Working within the Homotopy Calculus setting, the recent paper of Arone and M. Ching signals a new level of sophistication with respect to our understanding of how to reconstruct a Tayor tower from the symmetric sequence that determines its layers. Firstly, the symmetric sequence $d_*(I_C)$ of the identity functor on C will be an operad in the category Sp(C) of symmetric C-spectra. For example, when C is Top, one gets a geometric version of the Lie operad. Secondly, given a functor $F: C --> D$, the symmetric sequence $d_*(F)$ will be a right $d_*(I_C)$--module and a left $d_*(I_D)$--module. There is a comparison of the Tayor tower with a tower constructed solely using these operad module structures, with the difference measured by Tate constuctions. Conjecturally this story will generalize to other situations, e.g. that of Andre-Quillen Calculus, where some investigations are ongoing by M. Mandell and M. Basterra. Furthermore, analysis of the suspension functor $C --> Sp(C)$ and its right adjoint seems to suggest beautiful connections with the theory of Koszul duality of operads as developed by B. Fresse and others.

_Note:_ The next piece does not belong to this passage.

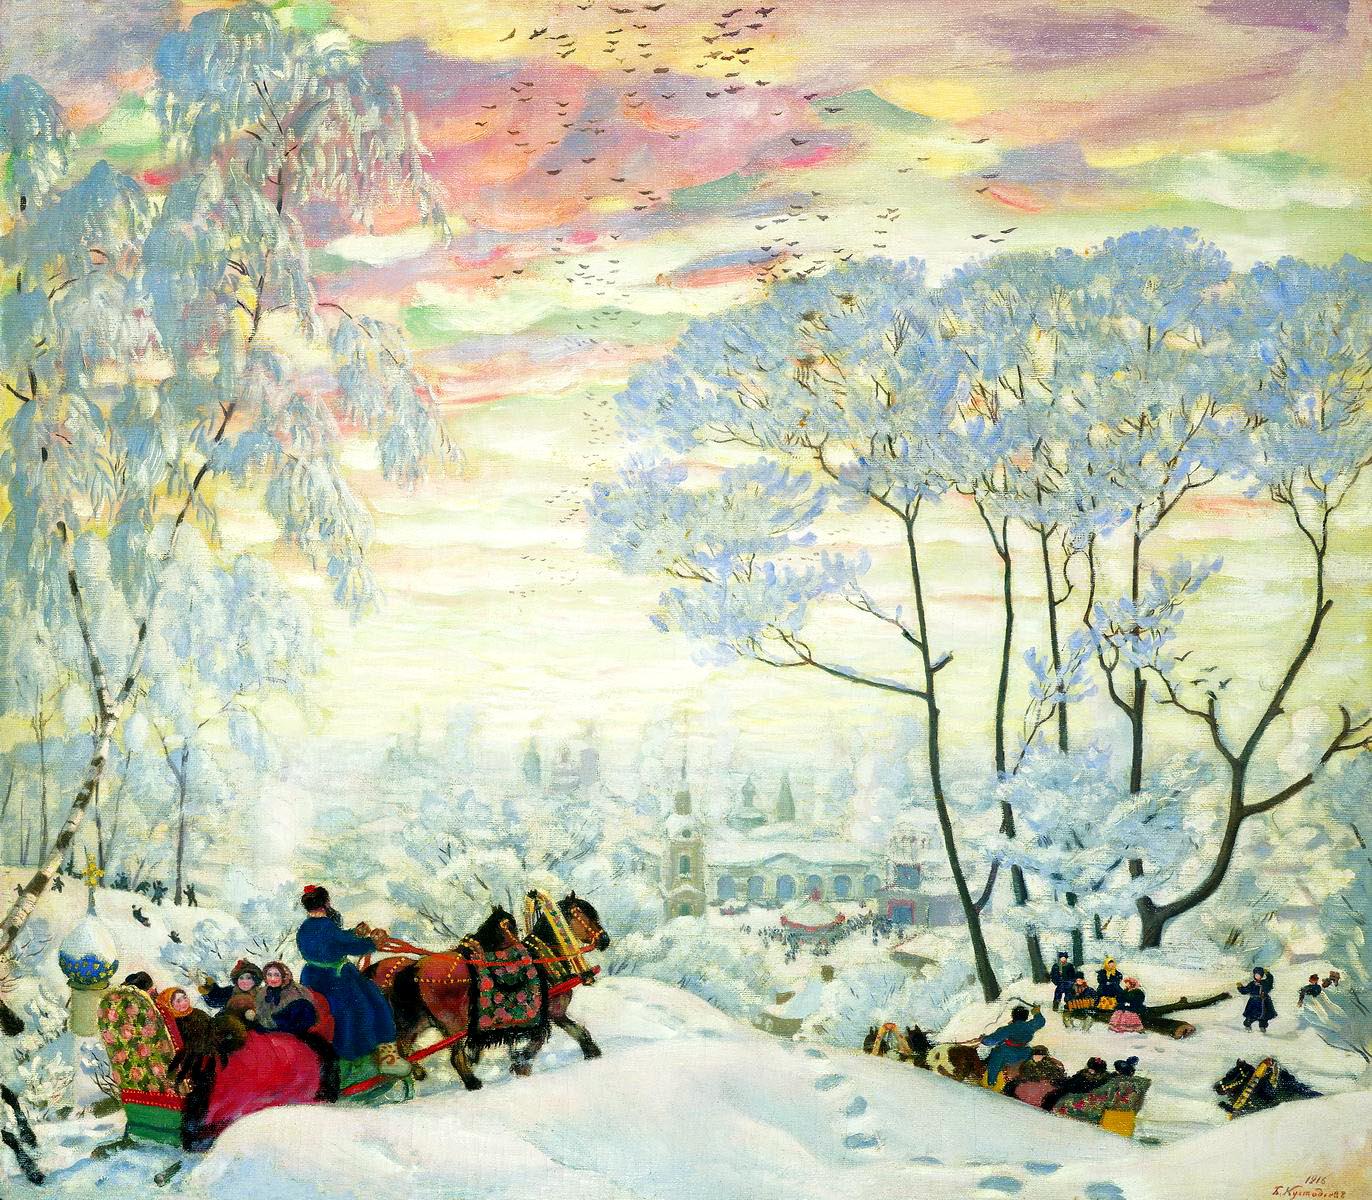 КУСТОДИЕВ Борис - Зима. 1916
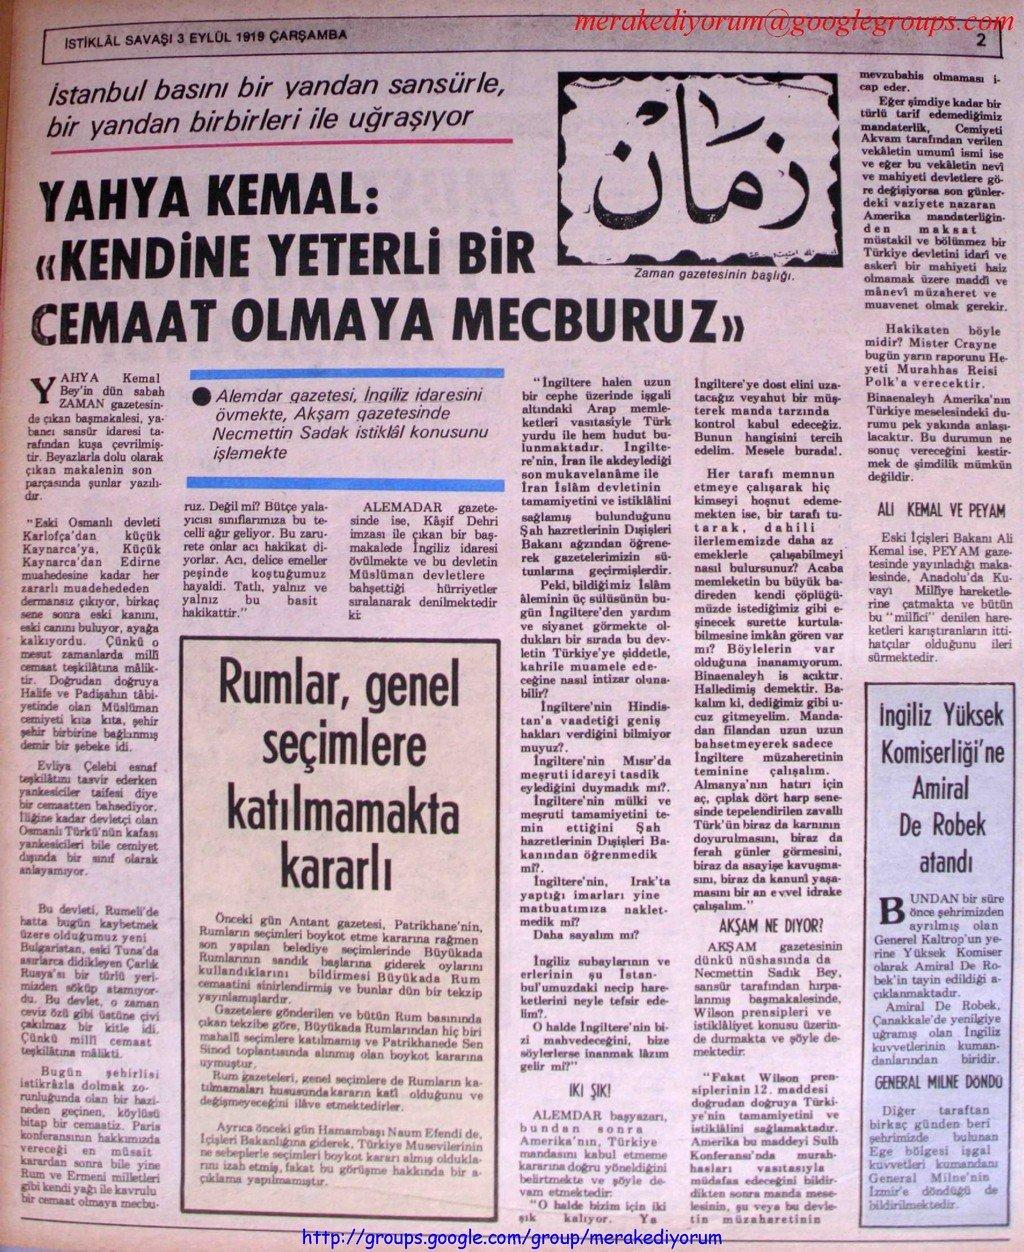 istiklal savaşı gazetesi - 3 eylül 1919

In a more geometric context, let O(M) be the category of open subsets of a smooth manifold M. Given another manifold N, the space of immersions functor, $Imm( ,N): O(M)^{op} --> Top$, sends pushouts to pullbacks. By constrast, the space of embeddings functor, $Emb( ,N)$, has less favorable local-to-global behavior. However, the Embedding Calculus of Goodwillie and Weiss offers a systematic way to pass from immersions to embeddings. There has been interesting work in this area by Arone, V. Lambrechts, I. Volic, D. Sinha, and V. Turchin, among others. Taking advantage of rational formality properties of operads that appear in the models yields generalizations of Vassiliev's knot invariants to other spaces of embeddings. New understanding of the role of operads here now suggest some very elegant conjectural explicit deloopings of spaces of high dimensional `long knots'. Another idea has emerged in work of Arone: that one can `play off' Embedding and Orthogonal Calculus to learn more about resolutions of embedding spaces.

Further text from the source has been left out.